[Source data]

=== Begin Enclosure ===

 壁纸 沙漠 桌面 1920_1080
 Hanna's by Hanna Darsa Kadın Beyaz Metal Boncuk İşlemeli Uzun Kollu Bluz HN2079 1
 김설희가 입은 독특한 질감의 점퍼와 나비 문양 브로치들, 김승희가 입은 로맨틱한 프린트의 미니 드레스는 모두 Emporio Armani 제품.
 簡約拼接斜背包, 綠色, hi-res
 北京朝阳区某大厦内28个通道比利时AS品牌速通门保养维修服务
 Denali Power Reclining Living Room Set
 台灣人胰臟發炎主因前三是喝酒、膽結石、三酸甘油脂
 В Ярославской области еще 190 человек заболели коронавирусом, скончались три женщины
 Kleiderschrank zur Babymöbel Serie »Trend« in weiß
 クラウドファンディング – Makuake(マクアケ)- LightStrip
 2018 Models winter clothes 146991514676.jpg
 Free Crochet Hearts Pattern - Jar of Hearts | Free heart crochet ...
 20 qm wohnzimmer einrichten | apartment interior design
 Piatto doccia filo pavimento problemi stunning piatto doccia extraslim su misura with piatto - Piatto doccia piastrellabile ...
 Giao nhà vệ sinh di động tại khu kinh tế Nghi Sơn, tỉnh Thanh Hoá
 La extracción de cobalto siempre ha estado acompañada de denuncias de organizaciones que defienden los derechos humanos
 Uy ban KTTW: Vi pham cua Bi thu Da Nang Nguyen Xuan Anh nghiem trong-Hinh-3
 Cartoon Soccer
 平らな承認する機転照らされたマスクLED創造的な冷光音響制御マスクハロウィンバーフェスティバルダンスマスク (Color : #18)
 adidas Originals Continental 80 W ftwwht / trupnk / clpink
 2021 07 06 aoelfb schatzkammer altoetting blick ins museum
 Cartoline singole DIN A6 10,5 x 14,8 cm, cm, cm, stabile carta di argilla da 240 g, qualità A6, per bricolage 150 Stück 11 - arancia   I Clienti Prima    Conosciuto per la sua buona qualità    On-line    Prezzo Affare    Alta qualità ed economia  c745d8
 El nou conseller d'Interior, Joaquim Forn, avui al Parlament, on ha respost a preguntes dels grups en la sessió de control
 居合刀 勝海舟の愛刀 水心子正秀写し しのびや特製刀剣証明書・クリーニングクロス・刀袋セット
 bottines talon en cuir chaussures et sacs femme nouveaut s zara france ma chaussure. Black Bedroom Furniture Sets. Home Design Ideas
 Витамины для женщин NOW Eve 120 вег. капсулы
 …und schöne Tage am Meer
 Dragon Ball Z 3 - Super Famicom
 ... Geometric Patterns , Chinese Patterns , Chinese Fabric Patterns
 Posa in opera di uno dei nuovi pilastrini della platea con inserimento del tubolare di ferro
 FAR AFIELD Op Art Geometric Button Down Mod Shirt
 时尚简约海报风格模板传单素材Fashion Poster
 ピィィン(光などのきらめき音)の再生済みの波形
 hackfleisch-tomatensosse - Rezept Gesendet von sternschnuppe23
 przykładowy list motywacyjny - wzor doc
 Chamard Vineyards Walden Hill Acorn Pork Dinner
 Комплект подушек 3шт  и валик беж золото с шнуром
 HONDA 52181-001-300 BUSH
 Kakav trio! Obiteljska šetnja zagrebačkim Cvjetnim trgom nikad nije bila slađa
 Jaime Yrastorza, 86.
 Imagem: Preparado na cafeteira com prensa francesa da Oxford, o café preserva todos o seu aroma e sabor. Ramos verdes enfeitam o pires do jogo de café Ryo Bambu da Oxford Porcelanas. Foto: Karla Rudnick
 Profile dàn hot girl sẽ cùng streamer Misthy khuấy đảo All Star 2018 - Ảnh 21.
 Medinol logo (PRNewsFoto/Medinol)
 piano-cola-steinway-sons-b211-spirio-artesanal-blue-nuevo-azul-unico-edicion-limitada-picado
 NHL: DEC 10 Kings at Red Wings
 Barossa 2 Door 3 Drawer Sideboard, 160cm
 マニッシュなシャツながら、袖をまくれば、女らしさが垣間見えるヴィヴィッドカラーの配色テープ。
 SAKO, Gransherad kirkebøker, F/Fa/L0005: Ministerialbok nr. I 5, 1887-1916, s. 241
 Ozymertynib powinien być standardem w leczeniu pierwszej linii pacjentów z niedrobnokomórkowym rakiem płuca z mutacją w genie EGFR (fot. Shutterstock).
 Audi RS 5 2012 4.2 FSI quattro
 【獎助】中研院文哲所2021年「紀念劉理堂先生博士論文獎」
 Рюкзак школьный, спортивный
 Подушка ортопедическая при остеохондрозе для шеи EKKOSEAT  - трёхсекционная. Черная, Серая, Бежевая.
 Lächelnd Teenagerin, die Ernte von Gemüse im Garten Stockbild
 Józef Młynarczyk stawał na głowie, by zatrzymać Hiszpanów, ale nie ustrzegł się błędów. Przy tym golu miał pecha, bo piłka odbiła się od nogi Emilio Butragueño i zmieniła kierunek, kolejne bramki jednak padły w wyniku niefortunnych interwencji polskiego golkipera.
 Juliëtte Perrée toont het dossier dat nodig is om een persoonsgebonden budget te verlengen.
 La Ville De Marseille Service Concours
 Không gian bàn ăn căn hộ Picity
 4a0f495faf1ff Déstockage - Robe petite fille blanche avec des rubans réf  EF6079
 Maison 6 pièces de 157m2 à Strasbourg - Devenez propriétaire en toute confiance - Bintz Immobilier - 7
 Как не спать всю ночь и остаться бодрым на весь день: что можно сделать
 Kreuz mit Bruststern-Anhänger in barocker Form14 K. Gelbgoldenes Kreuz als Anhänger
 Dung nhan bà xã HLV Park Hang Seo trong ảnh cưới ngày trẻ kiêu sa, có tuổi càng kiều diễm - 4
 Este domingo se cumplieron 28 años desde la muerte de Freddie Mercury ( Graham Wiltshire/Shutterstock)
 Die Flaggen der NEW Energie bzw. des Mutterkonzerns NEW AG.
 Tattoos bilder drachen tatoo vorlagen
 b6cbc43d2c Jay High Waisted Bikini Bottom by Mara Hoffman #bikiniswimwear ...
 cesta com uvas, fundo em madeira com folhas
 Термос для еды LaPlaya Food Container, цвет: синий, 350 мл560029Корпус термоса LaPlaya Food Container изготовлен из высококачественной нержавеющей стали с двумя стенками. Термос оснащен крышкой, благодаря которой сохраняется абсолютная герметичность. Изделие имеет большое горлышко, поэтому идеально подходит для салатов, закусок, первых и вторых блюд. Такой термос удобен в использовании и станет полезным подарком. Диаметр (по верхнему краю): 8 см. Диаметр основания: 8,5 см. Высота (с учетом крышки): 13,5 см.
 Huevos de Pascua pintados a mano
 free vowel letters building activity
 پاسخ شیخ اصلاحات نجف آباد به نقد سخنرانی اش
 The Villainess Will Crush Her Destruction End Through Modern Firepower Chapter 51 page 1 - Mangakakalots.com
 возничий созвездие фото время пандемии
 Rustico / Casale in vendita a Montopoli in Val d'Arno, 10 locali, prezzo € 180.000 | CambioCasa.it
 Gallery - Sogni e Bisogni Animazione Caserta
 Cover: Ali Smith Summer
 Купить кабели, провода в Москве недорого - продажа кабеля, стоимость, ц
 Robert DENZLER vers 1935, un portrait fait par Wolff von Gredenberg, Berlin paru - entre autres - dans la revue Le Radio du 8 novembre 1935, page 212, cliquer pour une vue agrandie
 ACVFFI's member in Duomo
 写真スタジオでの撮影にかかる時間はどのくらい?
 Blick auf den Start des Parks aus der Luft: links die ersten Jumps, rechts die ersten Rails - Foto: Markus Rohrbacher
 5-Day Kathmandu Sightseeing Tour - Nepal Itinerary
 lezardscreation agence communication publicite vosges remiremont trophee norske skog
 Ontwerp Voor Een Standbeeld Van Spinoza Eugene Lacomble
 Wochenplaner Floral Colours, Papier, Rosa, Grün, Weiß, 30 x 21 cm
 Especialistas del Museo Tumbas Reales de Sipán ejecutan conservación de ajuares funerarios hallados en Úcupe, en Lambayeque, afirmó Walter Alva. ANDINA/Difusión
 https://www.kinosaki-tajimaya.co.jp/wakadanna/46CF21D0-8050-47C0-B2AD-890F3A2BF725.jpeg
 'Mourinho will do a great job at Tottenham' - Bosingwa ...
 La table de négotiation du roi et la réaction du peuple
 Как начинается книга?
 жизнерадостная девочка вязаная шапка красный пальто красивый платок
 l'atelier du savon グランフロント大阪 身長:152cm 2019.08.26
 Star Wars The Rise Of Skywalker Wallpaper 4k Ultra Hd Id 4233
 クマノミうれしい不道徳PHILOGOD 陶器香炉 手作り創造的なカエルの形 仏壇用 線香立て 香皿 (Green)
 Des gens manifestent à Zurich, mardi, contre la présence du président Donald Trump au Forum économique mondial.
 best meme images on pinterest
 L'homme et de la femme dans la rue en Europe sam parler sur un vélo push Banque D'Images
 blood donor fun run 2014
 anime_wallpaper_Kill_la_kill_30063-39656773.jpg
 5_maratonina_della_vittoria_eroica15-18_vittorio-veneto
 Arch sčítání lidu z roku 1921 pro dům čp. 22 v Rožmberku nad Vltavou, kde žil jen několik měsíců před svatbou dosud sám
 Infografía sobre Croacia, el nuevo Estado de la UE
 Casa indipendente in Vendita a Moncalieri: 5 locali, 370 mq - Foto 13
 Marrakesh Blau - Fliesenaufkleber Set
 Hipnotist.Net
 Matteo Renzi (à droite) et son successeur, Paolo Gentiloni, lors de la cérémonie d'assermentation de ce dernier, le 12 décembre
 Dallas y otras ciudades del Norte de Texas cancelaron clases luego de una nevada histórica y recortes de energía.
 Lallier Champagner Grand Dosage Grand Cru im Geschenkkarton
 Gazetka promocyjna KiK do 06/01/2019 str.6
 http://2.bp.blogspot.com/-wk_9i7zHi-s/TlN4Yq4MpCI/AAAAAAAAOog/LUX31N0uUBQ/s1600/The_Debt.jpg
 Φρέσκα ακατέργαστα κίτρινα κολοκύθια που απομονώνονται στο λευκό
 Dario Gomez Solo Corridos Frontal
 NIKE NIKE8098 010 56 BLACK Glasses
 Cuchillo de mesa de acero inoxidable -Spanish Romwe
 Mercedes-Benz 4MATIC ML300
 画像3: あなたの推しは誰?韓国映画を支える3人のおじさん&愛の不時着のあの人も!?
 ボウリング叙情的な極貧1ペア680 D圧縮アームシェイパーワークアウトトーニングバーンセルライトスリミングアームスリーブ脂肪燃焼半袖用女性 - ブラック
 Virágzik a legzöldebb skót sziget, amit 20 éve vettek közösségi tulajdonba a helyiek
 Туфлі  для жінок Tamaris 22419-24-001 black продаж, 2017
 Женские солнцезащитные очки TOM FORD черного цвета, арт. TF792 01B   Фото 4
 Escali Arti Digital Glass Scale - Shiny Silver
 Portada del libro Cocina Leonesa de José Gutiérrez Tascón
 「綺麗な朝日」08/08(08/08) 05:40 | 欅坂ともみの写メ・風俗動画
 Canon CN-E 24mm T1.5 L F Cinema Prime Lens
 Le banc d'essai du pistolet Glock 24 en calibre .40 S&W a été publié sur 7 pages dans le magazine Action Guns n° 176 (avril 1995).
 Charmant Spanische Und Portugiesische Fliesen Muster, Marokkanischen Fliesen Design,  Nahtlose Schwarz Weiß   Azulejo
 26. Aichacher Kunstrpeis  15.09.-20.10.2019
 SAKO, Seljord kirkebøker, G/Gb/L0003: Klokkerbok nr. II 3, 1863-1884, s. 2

=== End Enclosure ===

▶ _AIM OF THE TASK_
Copy out every line of the data in which the word "femme" is found.

▶ _TASK ANSWER_
 bottines talon en cuir chaussures et sacs femme nouveaut s zara france ma chaussure. Black Bedroom Furniture Sets. Home Design Ideas
 L'homme et de la femme dans la rue en Europe sam parler sur un vélo push Banque D'Images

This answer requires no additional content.